Humanism is dying, if not dead. Living with a corpse is no pleasant matter. It does not require documentation to tell us that a corpse is far gone. The answer to our problem lies elsewhere, not in documentation on death, but in reconstruction for life.
Humanism is dead, but the triune God lives and rules, sovereign over all. There must be reconstruction, godly reconstruction. Let the dead bury the dead. The living have work to do. All things shall be made new; new schools, new social orders, new institutions, renewed family life, in every area the principle of godly reconstruction must be applied.3

It’s Not Where They Are, But Where They’re Headed

We must go beyond identifying anti-Biblical thinking and wicked practices; we must be ready to apply Biblical faith to overturn their influence and results. We need to make it a priority  to penetrate the false armor of the unsaved and demonstrate the godly alternatives.  Not all will respond well; but some will—especially those who have received the full dose of humanism and reaped its consequences. They know their worldview has betrayed them; we need to show that the answers of humanism are empty.

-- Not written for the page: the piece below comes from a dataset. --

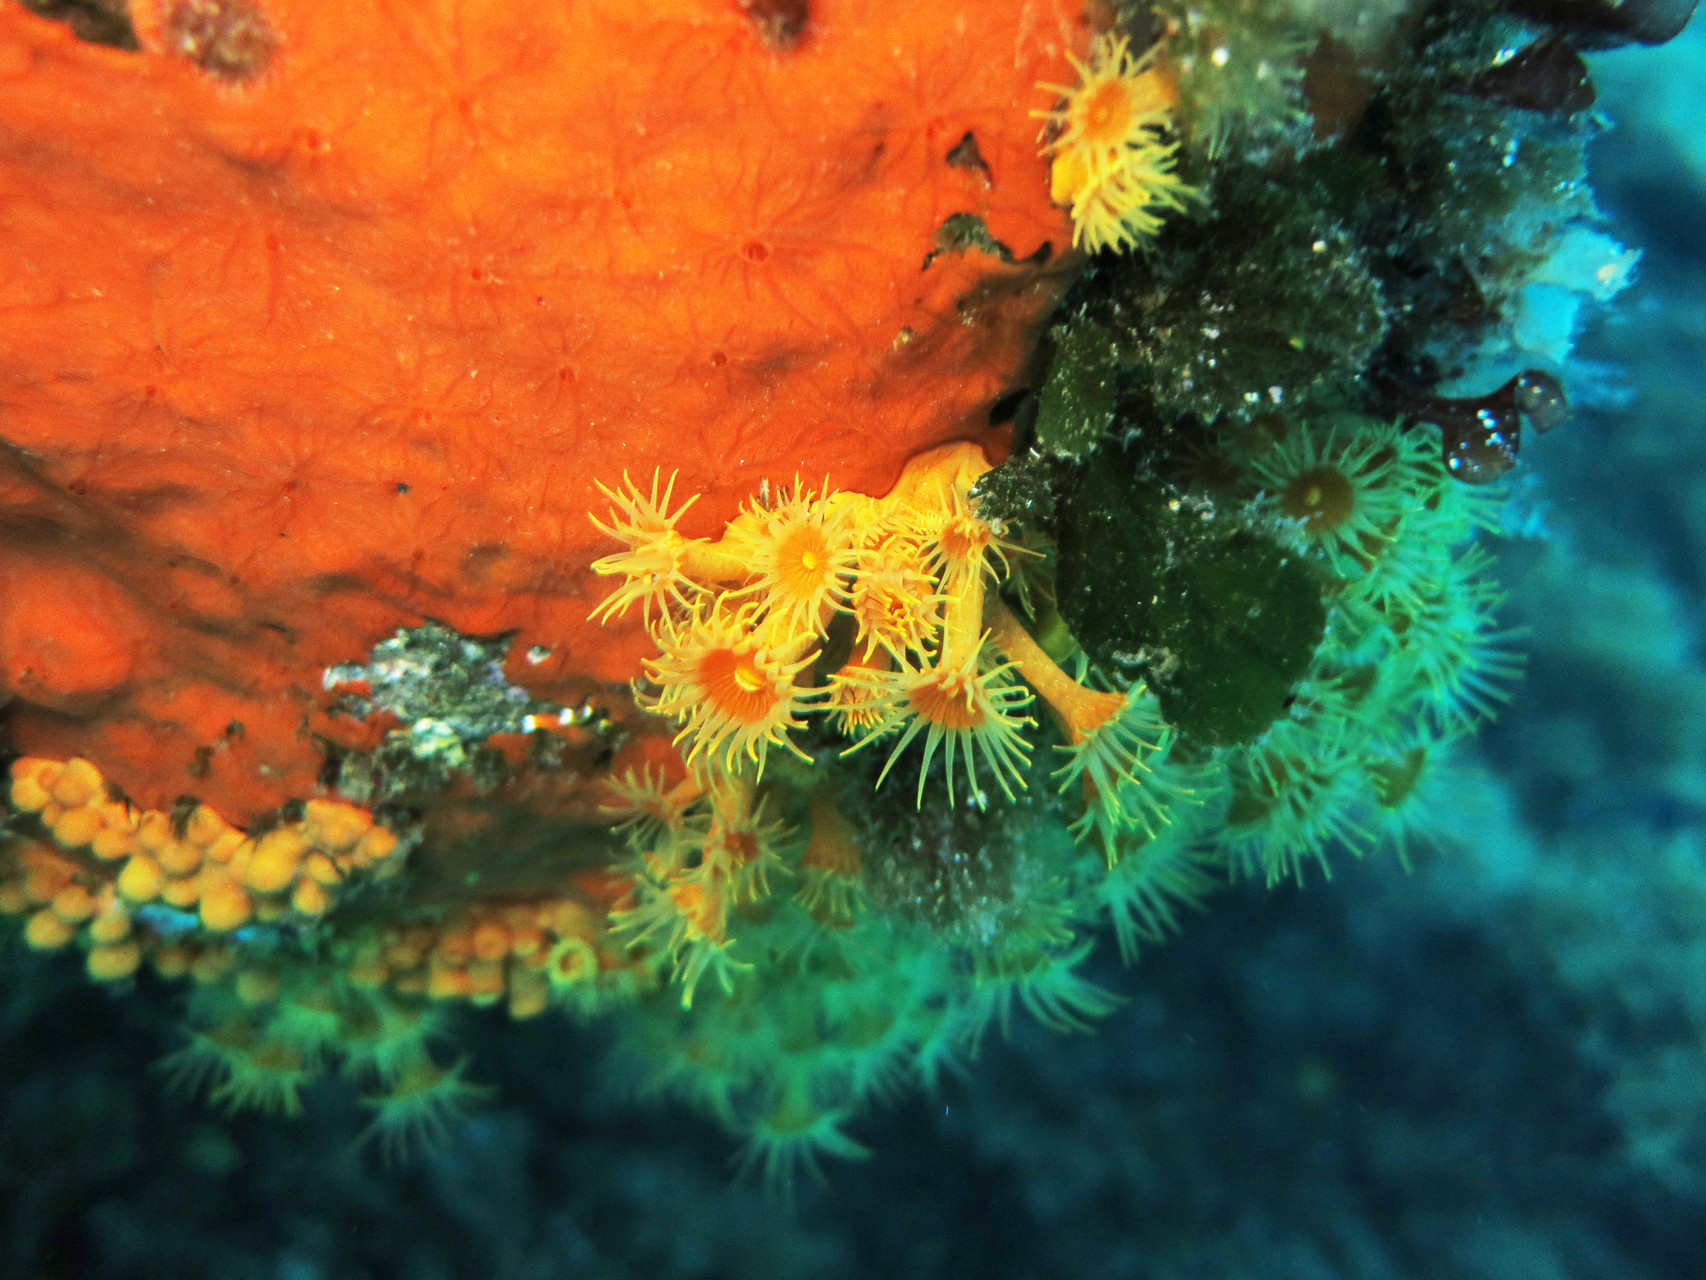 "Eponge orange ""Crambe crambe"" et anémones encroutantes jaunes ""Parazoanthus axinellae"" hexacoralliaire cnidaire. La Ciotat. Crédit : Jean-Luc Beaud"

Therefore, we must not automatically turn away if their bodies are pierced, or tattooed, or if their hair color comes from a can of paint. We must not allow ourselves merely to be repulsed by their choice of words (vulgar, profane, or blasphemous) unless we also find a way to present the truth of the Scriptures. After all, you have to get up close and personal if you want to make a difference in someone’s life. You have to be able to look people in the eye and demonstrate that their eternal life matters to you.

As Jesus instructed His followers in Matthew 10:6–8, 11–14:

But go rather to the lost sheep of the house of Israel. And as ye go, preach, saying, The kingdom of heaven is at hand. Heal the sick, cleanse the lepers, raise the dead, cast out devils: freely ye have received, freely give.
And into whatsoever city or town ye shall enter, enquire who in it is worthy; and there abide till ye go thence. And when ye come into an house, salute it.
And if the house be worthy, let your peace come upon it: but if it be not worthy, let your peace return to you. And whosoever shall not receive you, nor hear your words, when ye depart out of that house or city, shake off the dust of your feet.

It is not where you find people; it is where they are headed. Instead of negatively reacting to the amount of make-up, the lack of modesty, or other behaviors that cloak despair and guilt, seek to identify whether this is a person who “receives” you. You may be surprised at how quickly one who is marked by the Holy Spirit responds to words and interactions presented with care and concern.

Some Good Examples

Rosaria Champagne Butterfield is a former feminist and lesbian, who by the honest care and concern of a pastor and his wife, came to recognize her need for Jesus as Savior. She chronicled her journey from enemy of God to a Reformed Christian, minister’s wife, and a homeschooling mom in her two books.4 Her salvation was accomplished as caring Christians looked past her obvious sins, and focused on the hunger and thirst they perceived in her spirit.  Instead of merely chronicling her errors, they engaged her in conversation, meant to help her see for herself the utter futility of warring with God.

As I have written about elsewhere,5 once while at a homeschool convention I learned a valuable lesson as I made some judgments about a woman whose body was covered with tattoos.  Assuming that she would not be able to relate to my message, I was humbled by the fact that she was extremely hungry and thirsty for truth when it came to teaching her children Biblical truth. Had I merely relied on my first impression, I would have missed a valuable opportunity God had placed right before me.

Going on the Offensive

How many of us miss such opportunities day-in and day-out? Are we ready to engage our neighbors, coworkers, employers, and people in the community? The next time you are in a public place, be it standing in a line in the grocery store, the bank, or just waiting to be seen at a doctor’s office, look around you and ask yourself, Which of these people does not need Jesus? If you understand the plight of man apart from Christ, you already know your answer. Be willing to go on the offensive, certain that the gates of Hell will not prevail against the Body of Christ. Be willing to be contagious in your conviction that all need to hear the good news of Jesus, and that God has placed you here for such a time as this!

1.  Taken from Roots of Reconstruction ( Vallecito, CA: Ross House Books, 1991), p. 697; Chalcedon Report No. 56).

2. ibid.

3. ibid.

4. The Secret Thoughts of an Unlikely Convert: An English Professor’s Journey into Christian Faith andOpenness Unhindered: Further Thoughts of an Unlikely Convert.

5. Andrea Schwartz, A House for God: Building a Kingdom Driven Family (Vallecito, CA: Ross House Books, 2014), p. 26.